New to rsbids, derivatives can be labelled:

#rsbids
layout = rsbids.BidsLayout(
    "dataset",
    derivatives={
        "proc1": "dataset/derivatives/proc1-v0.10.1",
        "anat": "dataset/derivatives/smriprep-v1.3",
    })

These labels can queried using scope:

layout.filter(scope="anat")

All derivatives can be selected using .derivatives:

layout.derivatives == layout.filter(scope="derivatives")

All dataset roots can be listed using with:

layout.roots

If the dataset has a single raw root (with any number of derivatives), the .root attribute can be used to retrieve that root:

layout = rsbids.BidsLayout(
    "dataset",
    derivatives={
        "proc1": "dataset/derivatives/proc1-v0.10.1",
        "anat": "dataset/derivatives/smriprep-v1.3",
    })

layout.root == "dataset"

If there is no raw root, but exactly one derivative root, .root will retrieve the derivative

layout = rsbids.BidsLayout(
    "dataset",
    derivatives={
        "proc1": "dataset/derivatives/proc1-v0.10.1",
        "anat": "dataset/derivatives/smriprep-v1.3",
    })
layout.filter(scope="proc1").root == "dataset/derivatives/proc1-v0.10.1"

All other calls to .root will error:

layout = rsbids.BidsLayout(
    "dataset",
    derivatives={
        "proc1": "dataset/derivatives/proc1-v0.10.1",
        "anat": "dataset/derivatives/smriprep-v1.3",
    })
layout.derivatives.root # !!! Error: multiple roots

The .description attribute works according to equivalent logic:

layout = rsbids.BidsLayout(
    "dataset",
    derivatives={
        "proc1": "dataset/derivatives/proc1-v0.10.1",
        "anat": "dataset/derivatives/smriprep-v1.3",
    })
layout.description == <DatasetDescription>

Note: The error handling for .description and .root is still a bit janky. DatasetDescription reading has only preliminary support: the object is readonly, and values must be accessed as attributes using snakecase:

layout.description.generated_by[0].name

layout.description["Name"] # !!! Error

Metadata Indexing

pybids defaults to indexing the metadata, significantly increasing the time to index. rsbids defaults to not indexing, since in our experience, the metadata is not needed for most applications. Instead of requesting metadata using an argument on the rsbids.BidsLayout constructor, metadata is requested using the following method:

layout = rsbids.BidsLayout("dataset").index_metadata()

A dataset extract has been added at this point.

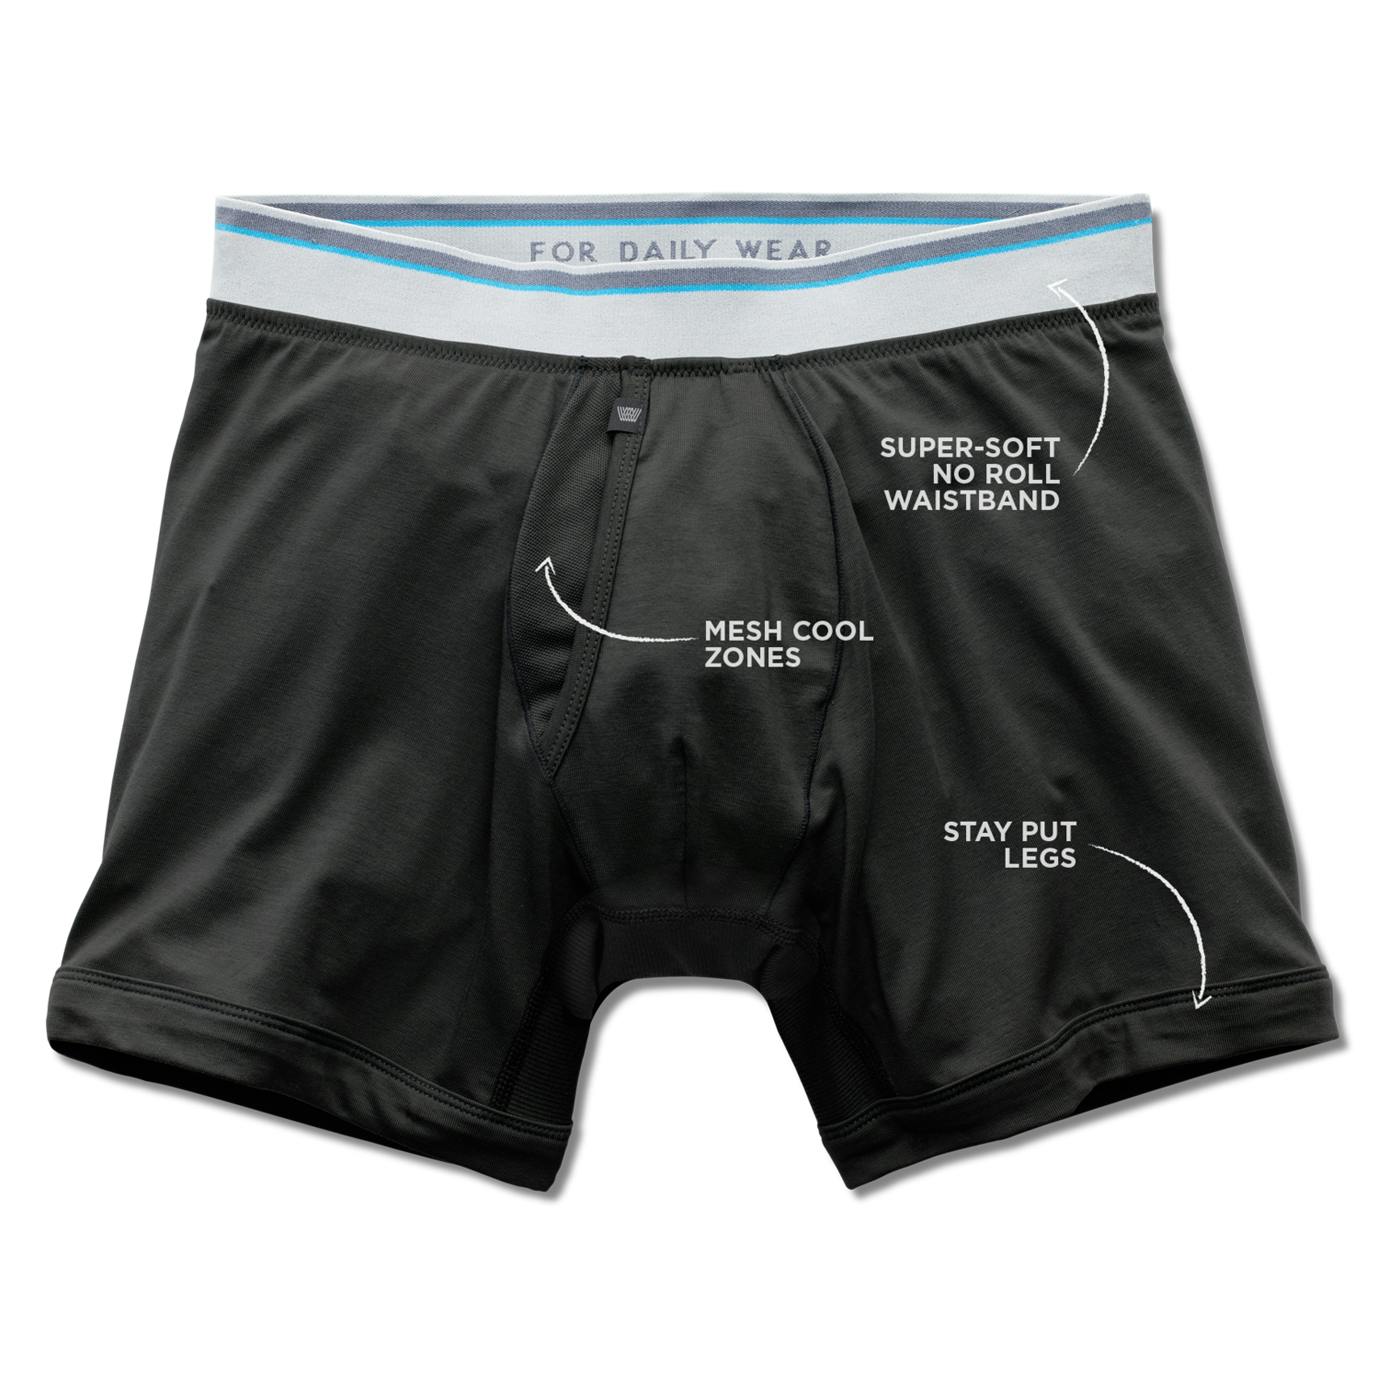 NWOT Black 18-Hour Boxer Brief from Mack Weldon, Size Small

This decouples metadata retrieval from layout construction, providing a few advantages:

  • If you discover you later on need metadata, you don't have to reindex the entire layout (especially useful on network-attached filesystems with high latency)
  • You can even index metadata when reading a layout from cache
  • Functions consuming BidsLayout (e.g. from 3rd party apps) don't need to worry about whether metadata was indexed or not. If they need metadata, they can simply call layout.index_metadata(). If metadata is already indexed, the method will immediately return

The method returns back the same bids layout, so it can be easily chained:

layout.index_metadata().get(EchoTime="...")

dtypes

pybids associates each entity with a specific datatype. Most entities are strings, but some, such as run, are explicitely stored as integers.

rsbids stores all entities as strings. This simplifies the layout internals and ensures entities are saved nondestructively. For those used to querying runs with integers, however, fear not! rsbids.get() accepts integer queries for ALL entities:

layout.get(subject=1)

# will match
#   sub-001_T1w.nii.gz
#   sub-01_T1w.nii.gz
#   sub-1_T1w.nii.gz
# but not
#   sub-Pre1_T1w.nii.gz
#   sub-Treatment001_T1w.nii.gz

If multiple valid matches are found, an error will be thrown.

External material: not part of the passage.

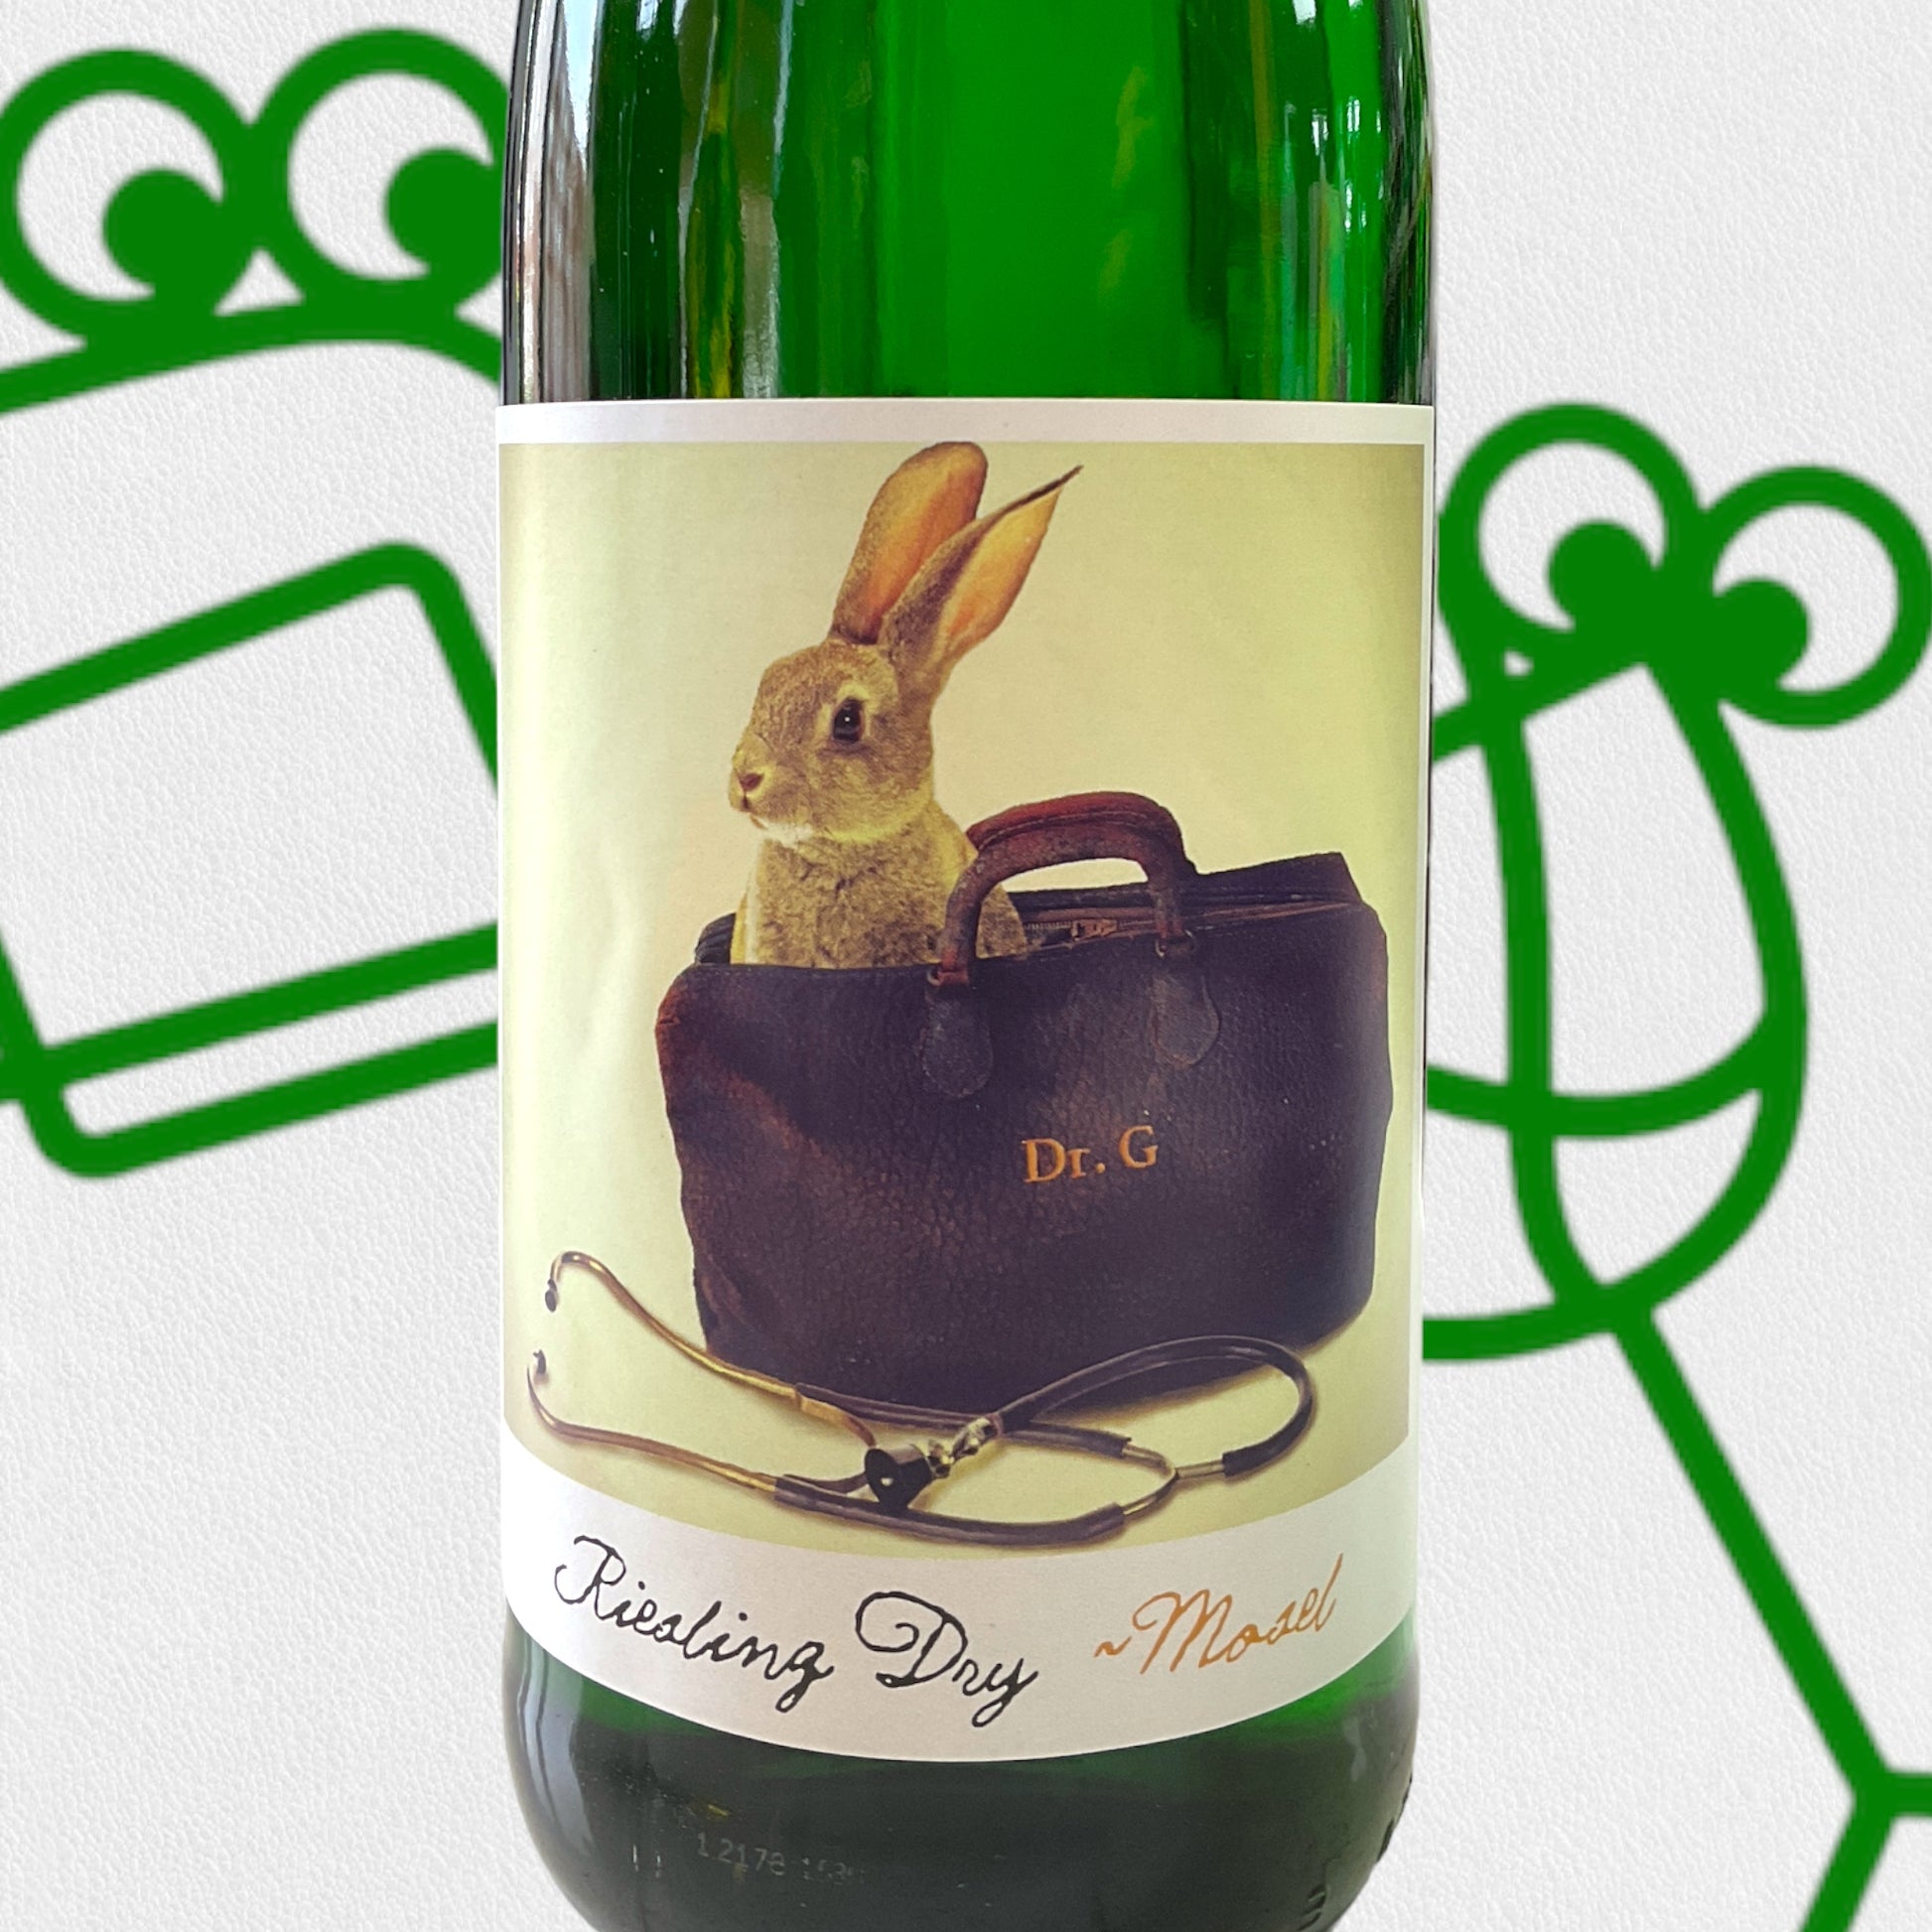 Dr. G Riesling 'Dry' Mosel, Germany - Williston Park Wines & Spirits

Flexible parsing algorithm

rsbids has two variants of its parsing algorithm. One looks for entity-value pairs specifically defined by the bids spec (similar to how pybids and all other bids indexers currently work). Invalid entities (..._foobar-val_...) are ignored. This mode is enabled by rsbids.layout(..., validate=True), and gives a validation experience somewhat similar to pybids.BIDSLayout(..., validate=False, is_derivative=True) (note that this will change in the future to match the pybids defaults).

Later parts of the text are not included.